Baseline metrics (before TensorFusion):
| Metric | Baseline |
|---|---|
| Risk scoring P95 latency | 380–450 ms |
| GPU utilization | 28–35% |
| Fraud model retraining cycle | 14 days |
| GPU cost / month | 100% (baseline) |
How TensorFusion Solves These Pain Points
TensorFusion delivers policy-driven GPU pooling and priority isolation so real-time inference and batch training coexist without contention, while chargeback tagging gives FinOps and audit the visibility they need.
Why Pain 1 (Latency Spikes) Is Solved
- Real-time inference tier reserved with micro-slices and priority lanes—fraud and risk scoring get guaranteed headroom, independent of batch activity.
- SLA-driven scheduling ensures fraud inference never waits on batch jobs; production inference is always first in line.
- Model hot-swap and memory tiering keep critical models warm so cold starts don't add latency during peaks.
Why Pain 2 (Resource Contention) Is Solved
- Tiered pools: Inference pool (small, stable, warm) and batch training pool (elastic, scales up for retraining windows, scales down after). Training no longer blocks inference.
- Dynamic GPU slicing lets risk scoring and AML detection share capacity in a controlled way—slicing by workload, not by "who submitted first."
- Training pipelines shift to low-traffic windows without slipping timelines; queue pressure drives scale-up, not guesses.
Why Pain 3 (Cost Opacity) Is Solved
- Chargeback tagging by business line (fraud, scoring, stress-testing) gives finance and audit clear GPU consumption by product.

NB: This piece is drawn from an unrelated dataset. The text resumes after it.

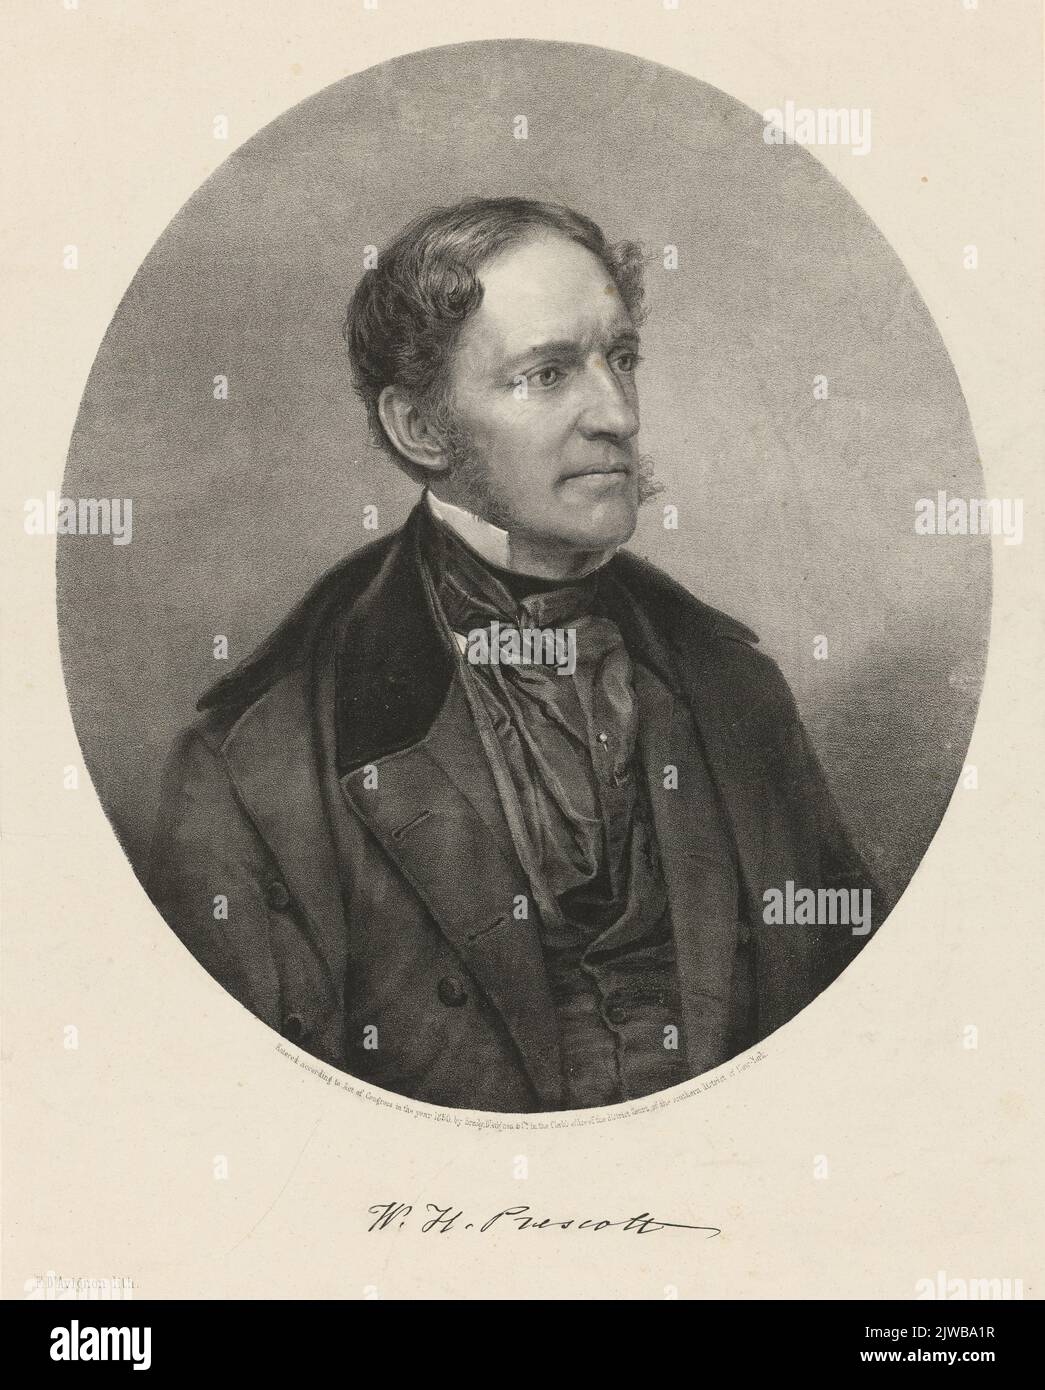 Portrait de l'historien américain William Hickling Prescott (1796-1859) le plus connu pour ses œuvres majeures Histoire de la conquête du Mexique (1843) et Histoire de la conquête du Pérou (1847) Banque D'Images

- Usage reporting makes "cost" a visible dimension of engineering decisions, improving predictability and compliance.
Results: Before vs After
| Metric | Before | After | Improvement |
|---|---|---|---|
| Risk scoring P95 latency | 420 ms | 120 ms | ~71% reduction |
| GPU utilization | 32% | 71% | ~2.2× |
| Fraud retraining cycle | 14 days | 8 days | ~43% faster |
| GPU cost / month | 100% | 62% | 38% reduction |
| Before TensorFusion | After TensorFusion |
|---|---|
| Inference latency spiked every peak; no guaranteed priority | P95 scoring <150 ms; inference tier reserved, batch absorbs rest |
| Batch and inference fought for same GPUs; utilization ~32% | Tiered pools; utilization 71%, no inference stall from training |
| No visibility into GPU spend by product; audit relied on estimates | Chargeback by business line; FinOps and audit have clear attribution |
"We cut scoring latency to under 150 ms and still reduced monthly GPU spend. That was the first time performance and cost moved in the same direction." — Head of Risk Analytics
Why TensorFusion Fits Financial Services
Financial workloads are mixed-mode: real-time inference and heavy batch training. TensorFusion separates these modes while keeping GPU resources pooled and fully utilized. Policy-driven scheduling, GPU slicing, and chargeback by business line address the triad that matters in regulated finance: latency, isolation, and auditability—without overbuying capacity.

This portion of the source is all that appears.